Our research has found that there is differentiated competition between Datadog and Dynatrace in the top tier. Dynatrace primarily targets the large enterprise market, while DataDog started from the small and medium companies and now is expanding into the large enterprise sector. Elastic's changes in products are mainly focused on enhancing usability. Elastic has recognized this issue and is working to improve platformization and the decoupling of computation and storage. The “Serverless” product introduced by Elastic is a signal of this improvement, indicating that the binding between software usage and infrastructure will be significantly reduced.
According to related reports from Gartner, the leaders in this field are Datadog, Dynatrace, and New Relic. In 2023, Datadog experienced a slight decline in performance due to decreased cloud consumption, but overall, these three companies remain at the forefront. This year's situation shows that New Relic's ranking has dropped, which aligns with its somewhat stagnated product development. Dynatrace and Datadog have emerged as clear leaders. In the Observability space, Elastic's products have a solid foundation, and if improvements are made in sales strategy and usability, there should be certain opportunities for growth.
2.3 Security
In the security domain, Elastic primarily offers SIEM(Security Information and Event Management) as its key security product. The input for SIEM mainly consists of logs, while the output involves detecting hacker activities through these logs.

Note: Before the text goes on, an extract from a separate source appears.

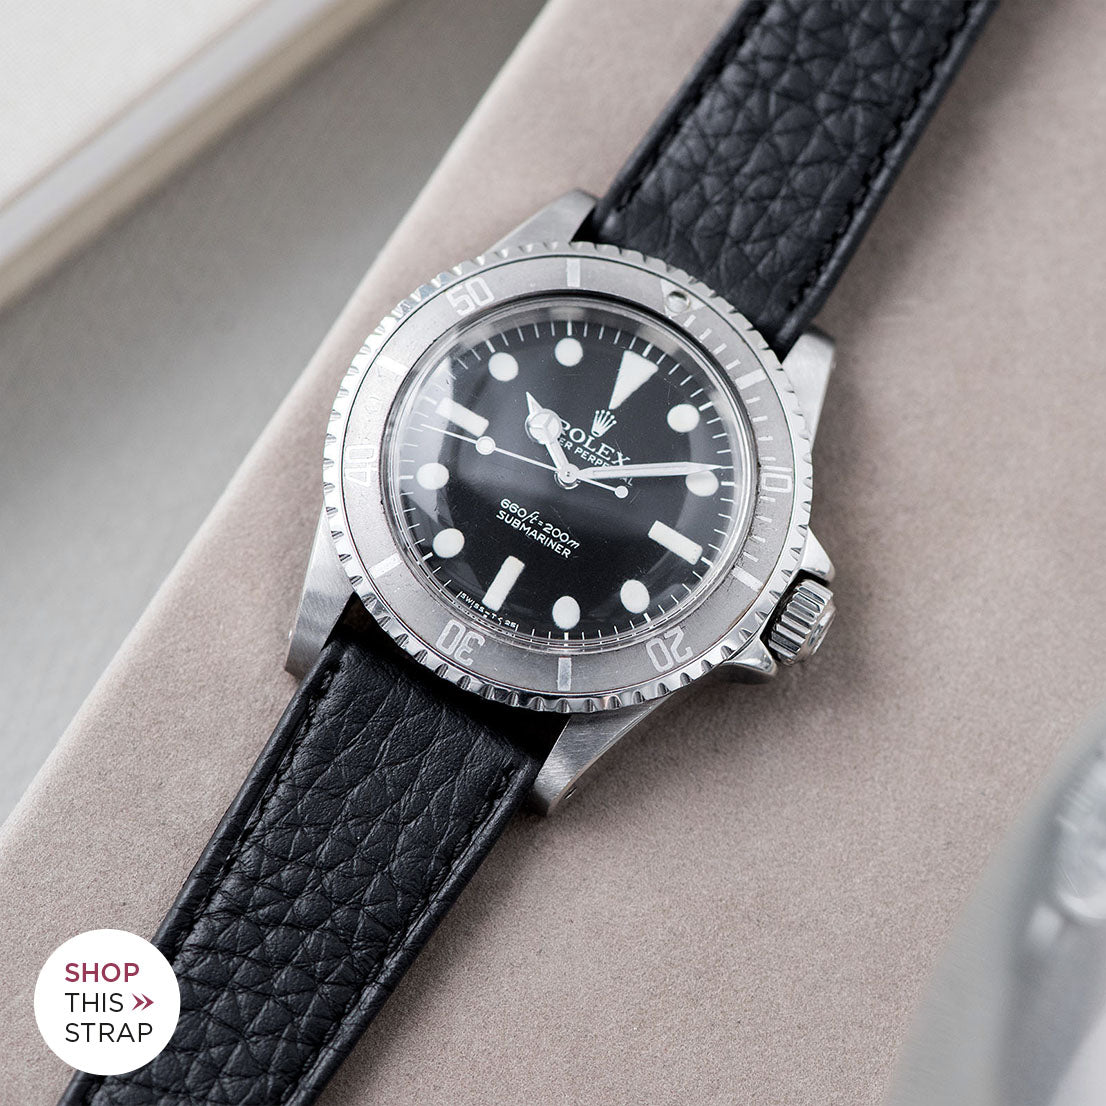 Bulang and Sons_Strap Guide_The Rolex 5513 Faded Maxi Submariner_Taurillon Black Speedy Leather Watch Strap

Elastic's advantage in the SIEM market is its relatively low cost, despite Splunk being the market leader. Many companies use Elastic alongside Splunk; Splunk is more powerful and user-friendly. Elastic, being cost-effective, can be used to initially filter all log data, with results then sent to Splunk for in-depth analysis. Elastic has the potential to progressively close the gap with Splunk in the security field, although completely replacing Splunk in the short term is challenging. Since Splunk's delisting in 2020 and subsequent privatization by Cisco, its development has stalled, with no particularly valuable new features released recently. While it is feasible for Elastic to catch up with Splunk in functionality, the migration cost from Splunk remains high. The SIEM module requires log analysis, typically done by security personnel who write query scripts based on experience. Different SIEM tools use their own proprietary query languages, such as Splunk's SPL. If a client has built numerous query rules in Splunk, replicating the original workflows when migrating to other tools is difficult (similar to Oracle migration). Therefore, while Elastic proposes replacing Splunk, a more pragmatic approach might be gradually eroding Splunk's market share by replacing it with functional modules.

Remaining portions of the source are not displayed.